### YOUR OBJECTIVE
Everything from the line that holds "PUMA - Mens Futsal 1 Trainer" through the end of the listing below must be retyped word for word, without any pictures.

### GIVEN MATERIAL
····················
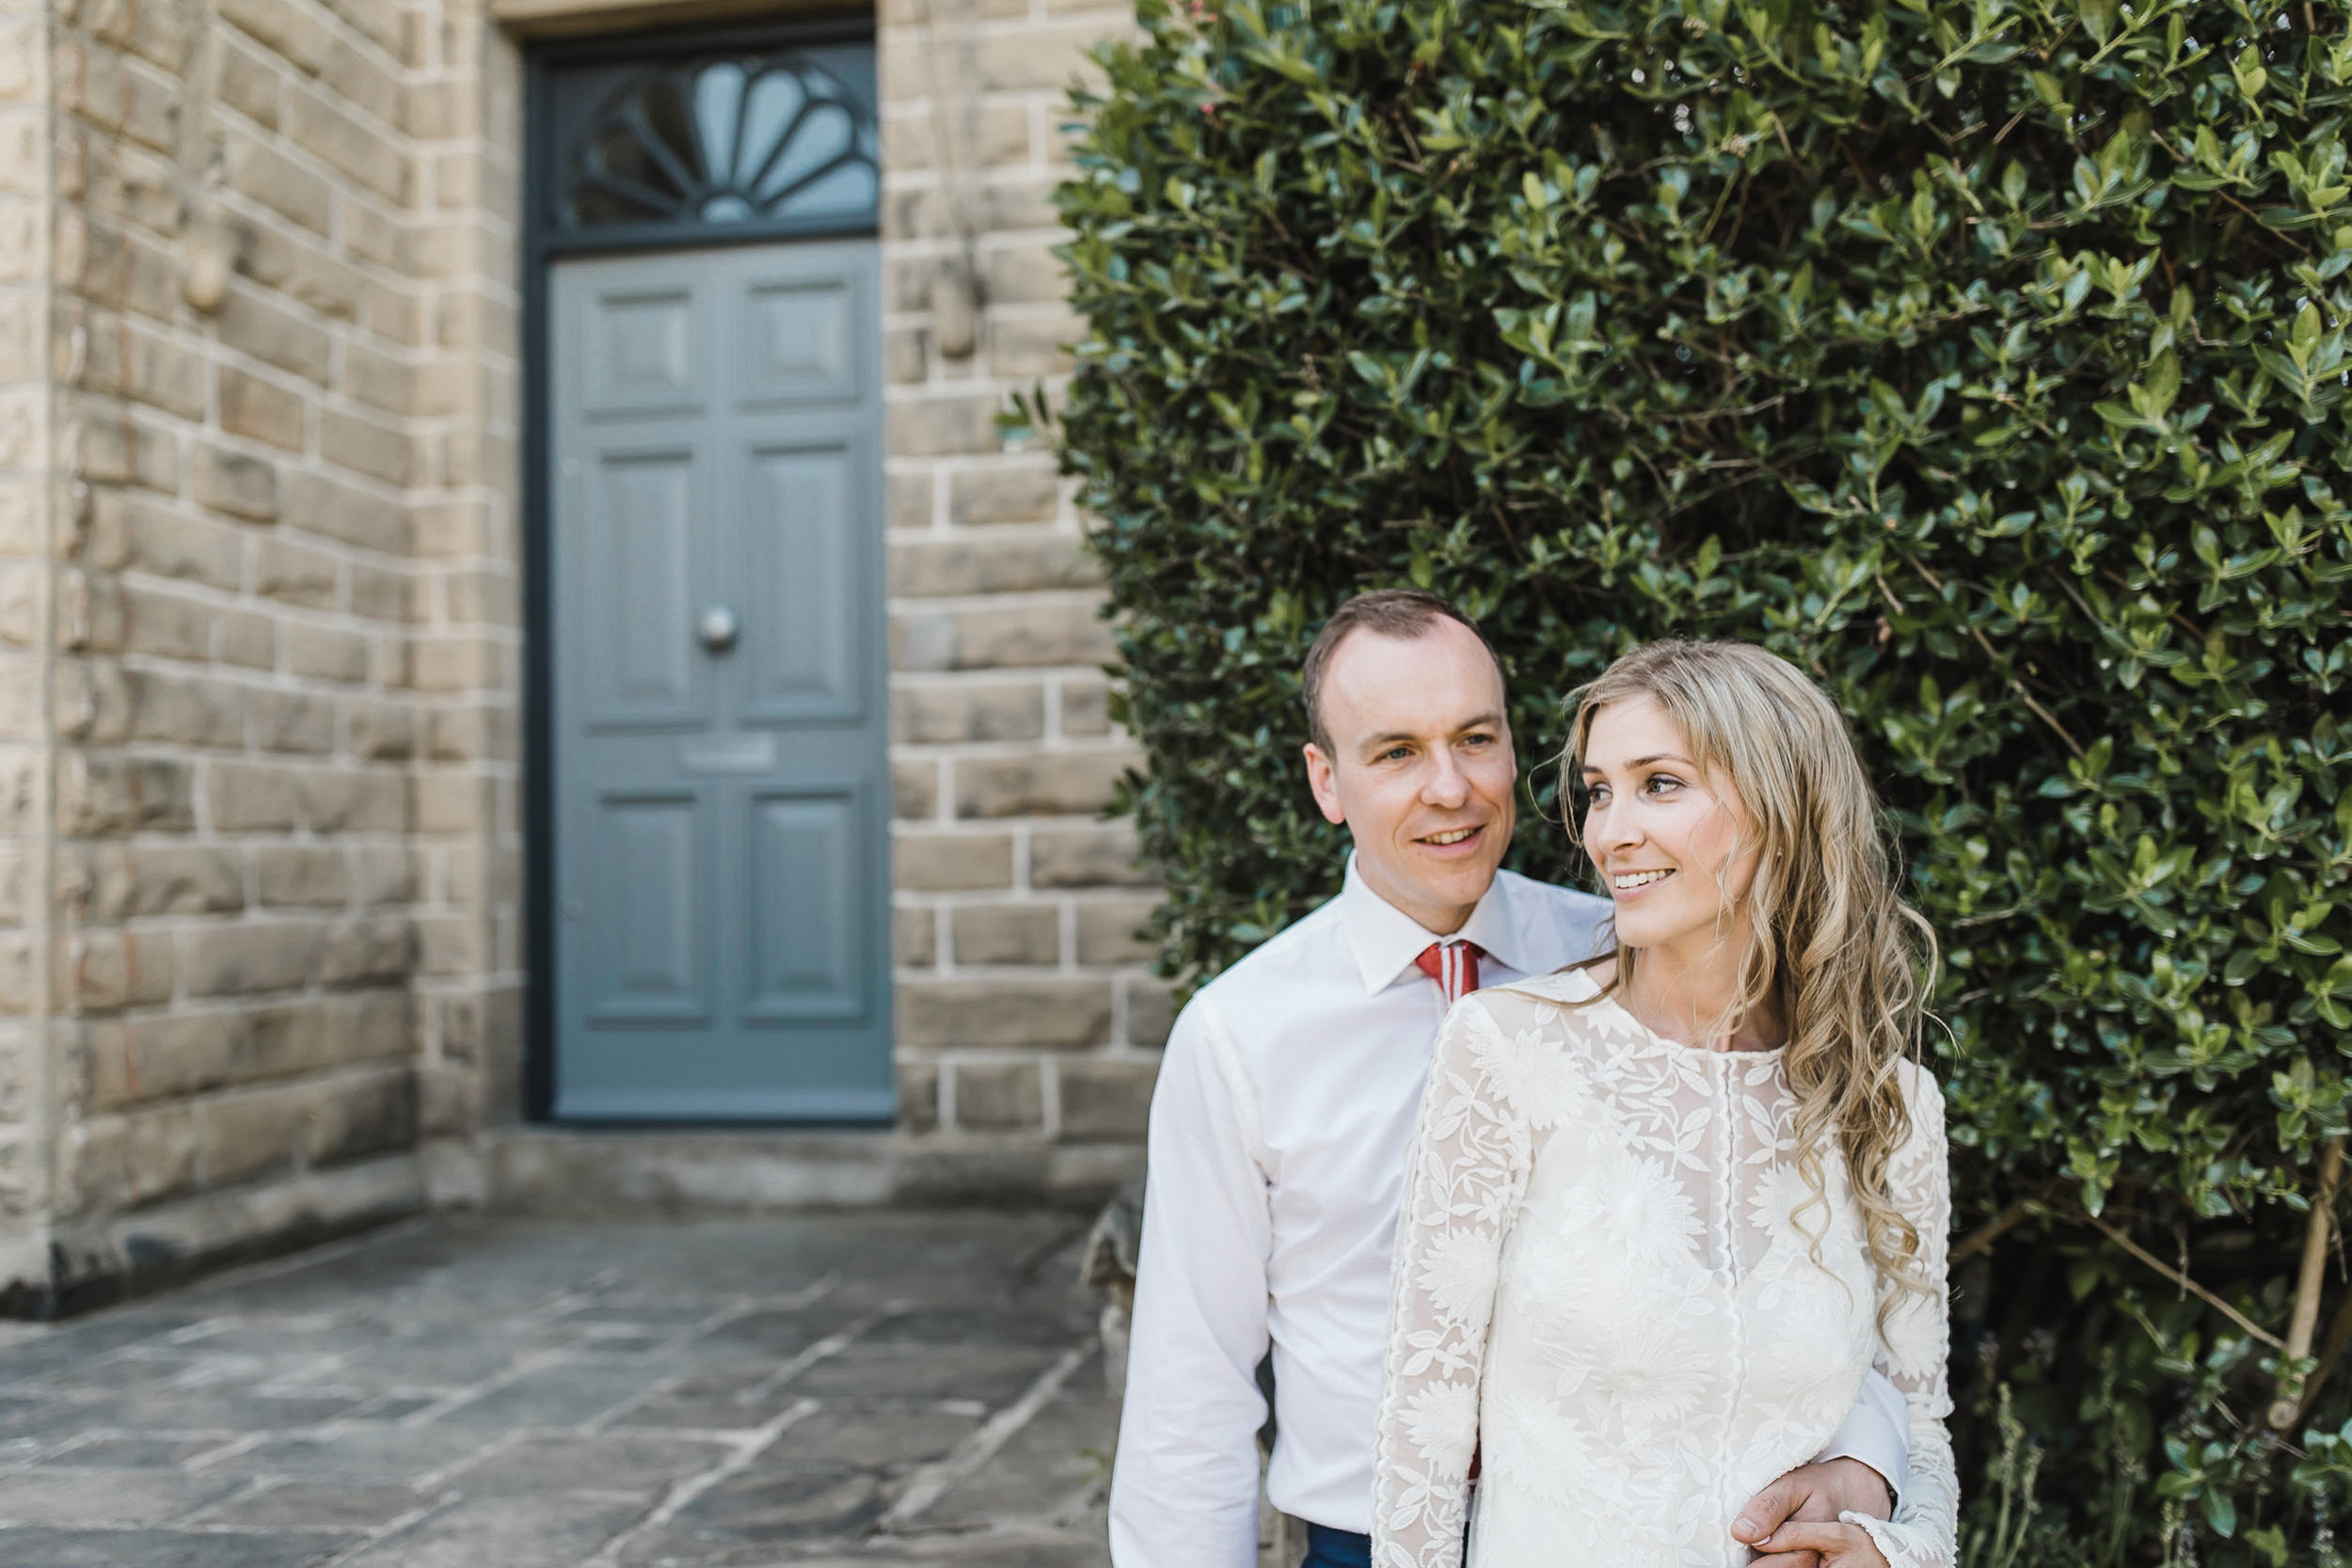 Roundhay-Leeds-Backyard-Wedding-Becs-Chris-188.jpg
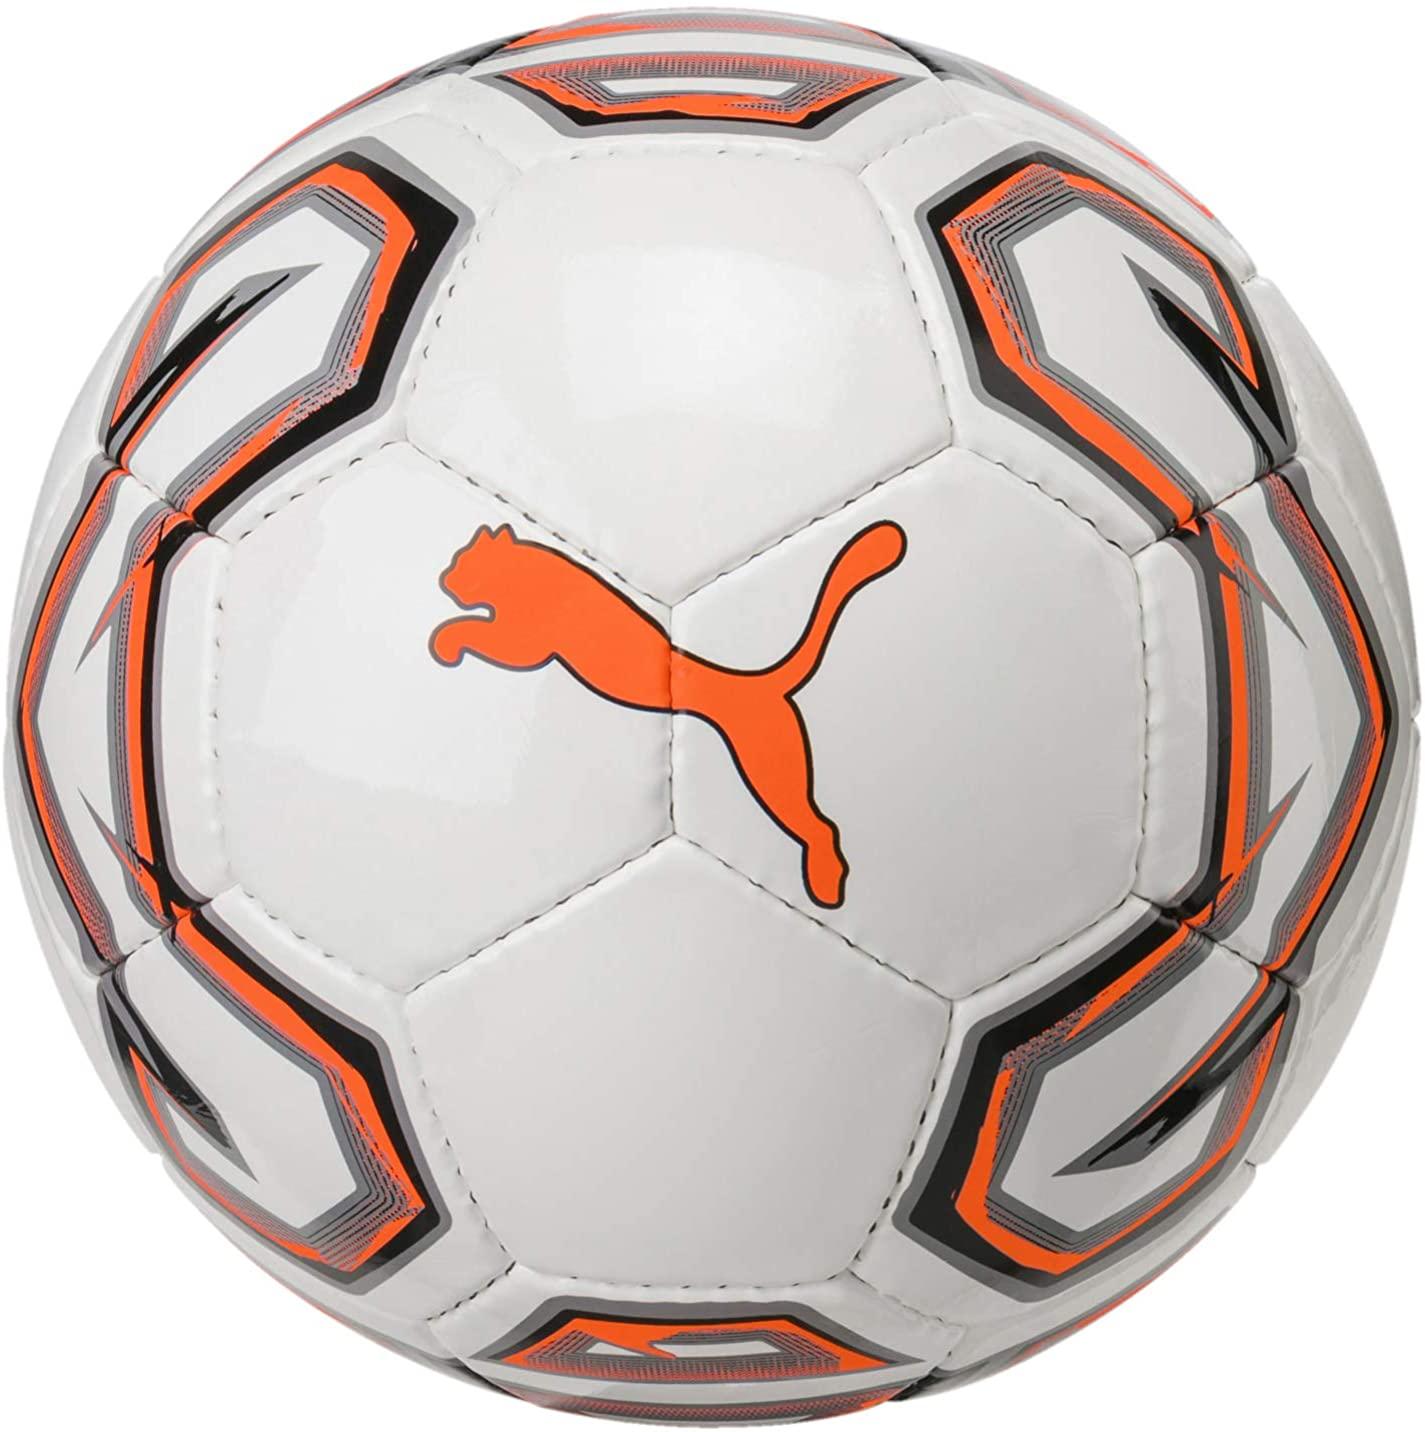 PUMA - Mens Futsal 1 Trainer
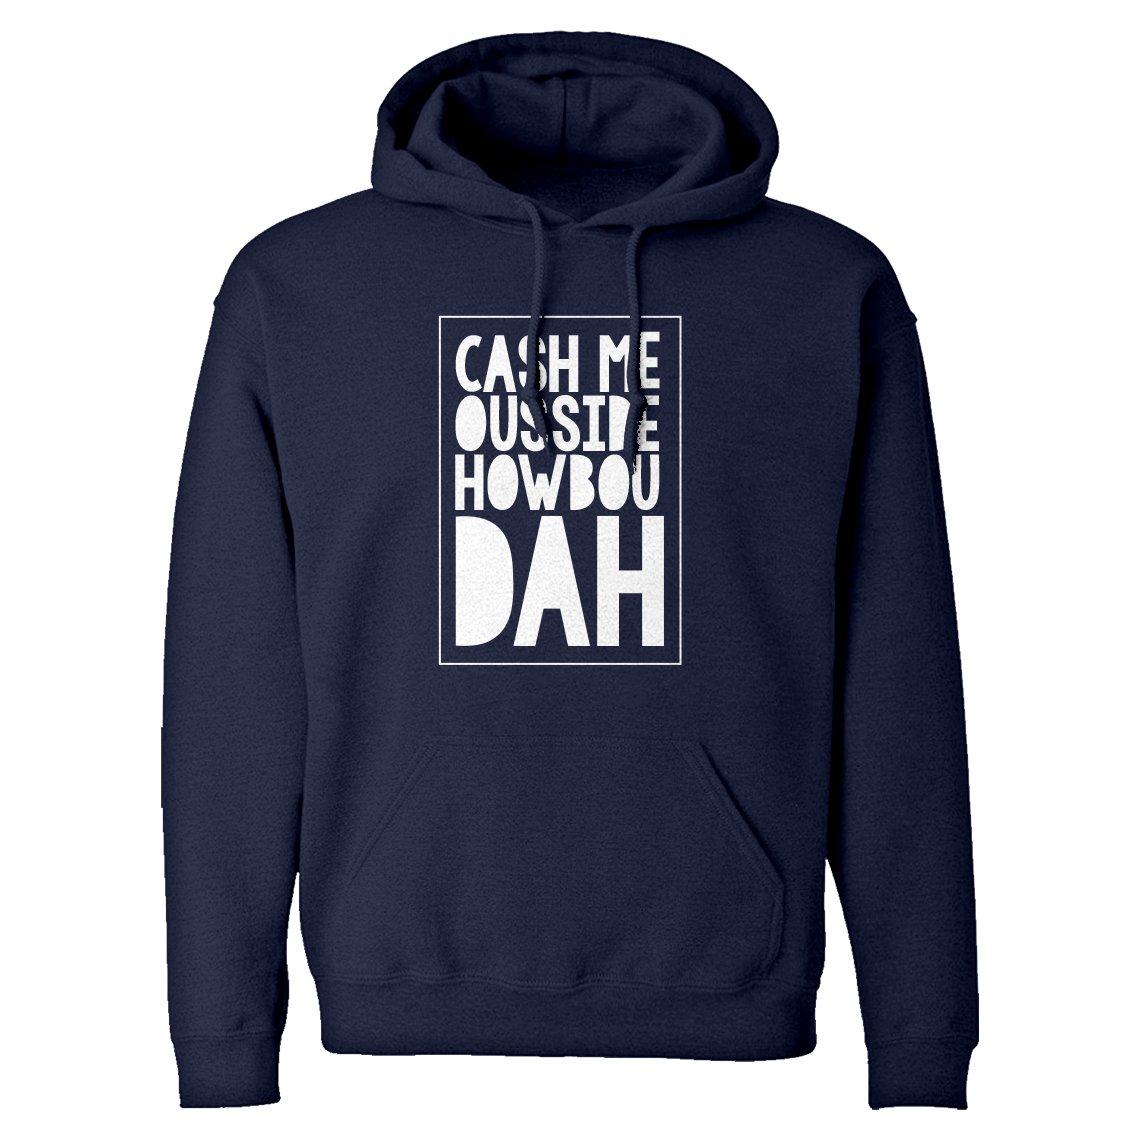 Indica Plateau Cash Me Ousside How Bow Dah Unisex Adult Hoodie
····················
### YOUR SOLUTION
 PUMA - Mens Futsal 1 Trainer
 Indica Plateau Cash Me Ousside How Bow Dah Unisex Adult Hoodie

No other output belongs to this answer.